Only 27 Atlas E sites were built, each at cost of $3.3 million in 1960"s dollars for the structure only. In today's dollars, that would be close to $30 Million dollars! (The entire site construction cost was around $25 million.) Activated in 1961, and on-line during the Cuban Missile Crisis, they were decommissioned only four years later in 1965. They held an ICBM (Intercontinental Ballistic Missile) with a 4 megaton nuclear warhead. The Atlas E is semi-hardened, designed to withstand a 1 megaton air-burst from a distance of 1.6 miles.
General Layout & Features
The base consists of two main underground structures connected by a 120' long tunnel. The underground structures are constructed of heavy, re-bar reinforced concrete with 18" thick ceilings and walls and a 3' layer of earth covering them. There is approximately 15,000 square feet of floor space with minimal stairs.
Launch Control Building
This building is entirely underground and measures 54' x 90' (4,900 plus square feet of floor space), with a ceiling height of 15'. There is an escape hatch and an equipment "plug" that can be removed and replaced with a skylight. Air ventilation shafts and a sewage pump are part of the original design.

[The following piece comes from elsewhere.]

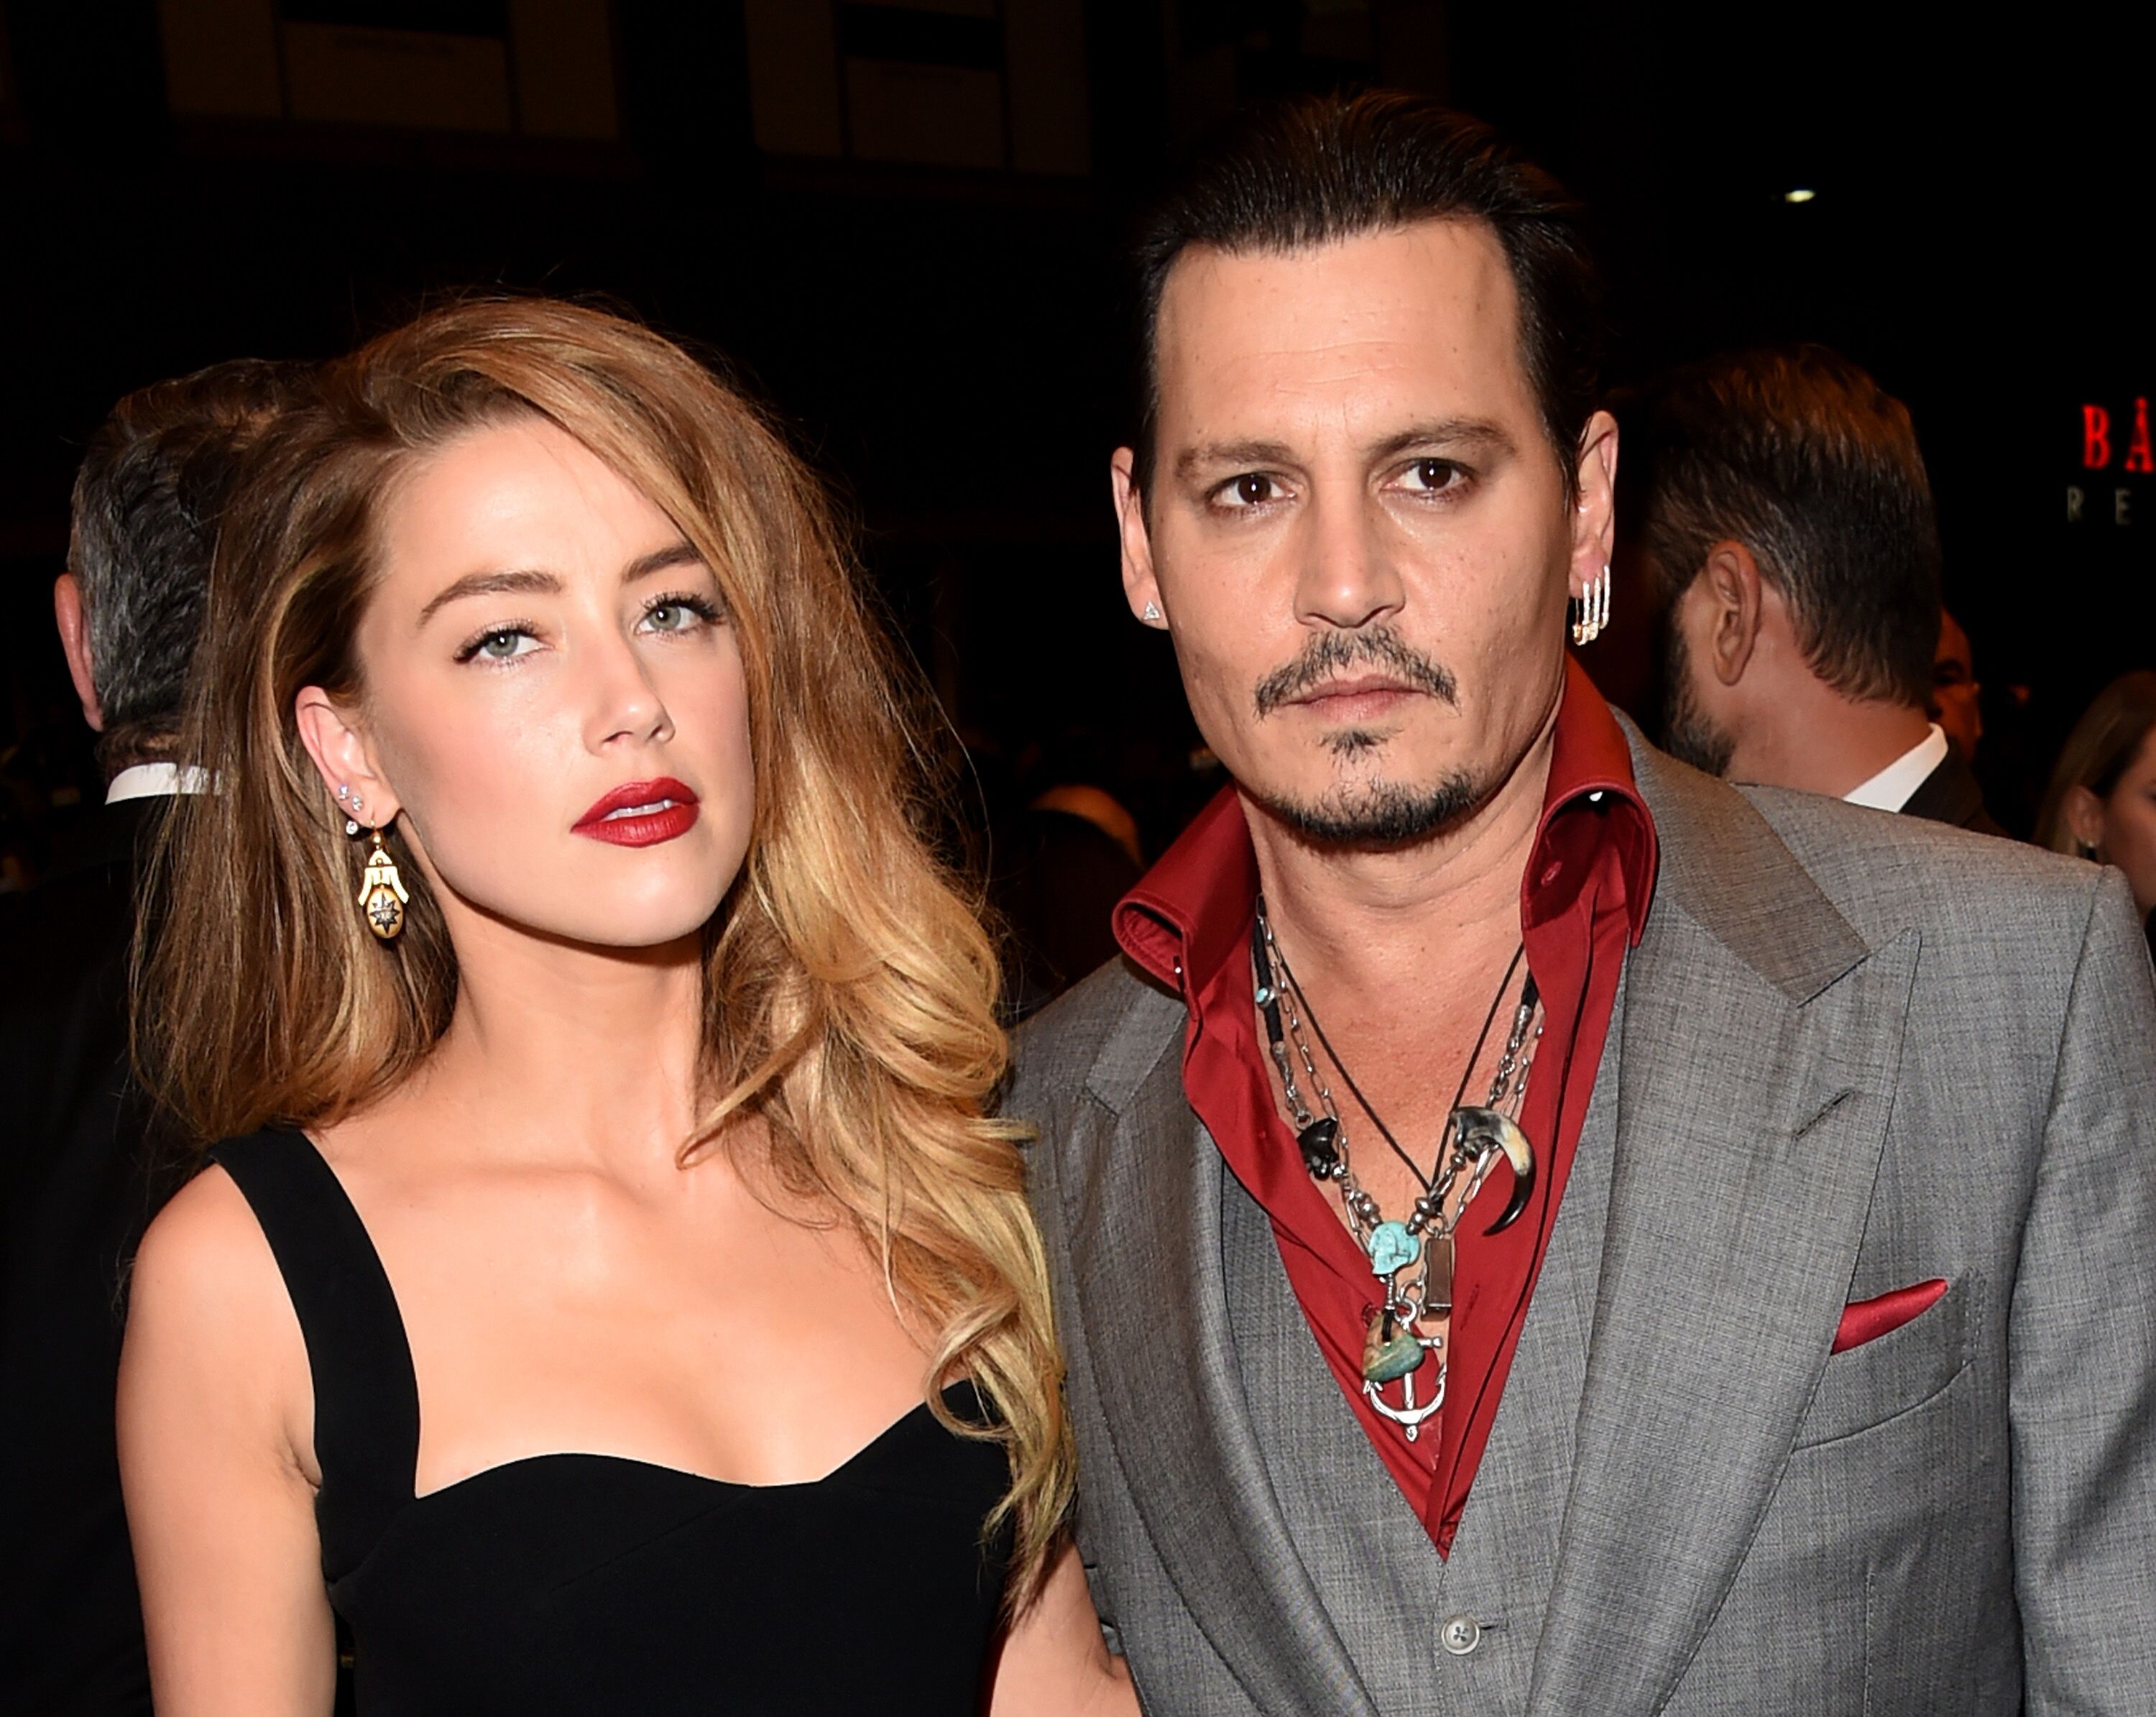 Amber Heard and Johnny Depp attend the "Black Mass" premiere during the 2015 Toronto International Film Festival. | Source: Getty Images

Launch Service Building (LSB) actually a set of three large rooms:
The Launch Service Equipment Area is accessed by the tunnel from the LCB. It is 45'x104' with 14.5' ceilings. It has drains and two escape hatches. The Missile Bay itself is approximately 30' w x 100' l with 20' ceiling. It lies to the east of the LSB and had drive-in access via a 47-ton, motor-operated, rolling blast door (20'w x 18't). These doors may or may not be in-place or operable today. Originally, the missile was backed into the missile bay through this door and stored horizontally. The missile bay was covered by a 400-ton, motor-operated door that would be rolled horizontally on tracks to open the missile bay (shown at left). Depending on the site, this door may or may not be in place, and is most likely not operable. At launch, the missile was erected to vertical with a large crane. Beneath the missile, towards the rear of the Missile Bay, is a large blast pit, which redirects the fiery rocket blast outside of the underground structure. The easternmost room in the LSB is the Oxygen Room, where liquid oxygen was stored and managed. It is 18'w x 72' l with a 10' ceiling. Several smaller rooms for specialized purposes can be found through the Launch Service Building.
With the Atlas E configuration, the plot size varies from 15-30 acres. Most sites have water wells. Surrounding the perimeter an 8' high-security chain link fence topped with barbed wire was installed. An antenna silo (20' deep x 8' diameter) exists on the grounds. Two Quonset buildings were included on-site, and although most of the buildings themselves have been removed, the concrete pads usually remain. Many Atlas Es also include a 1200' grass airstrip.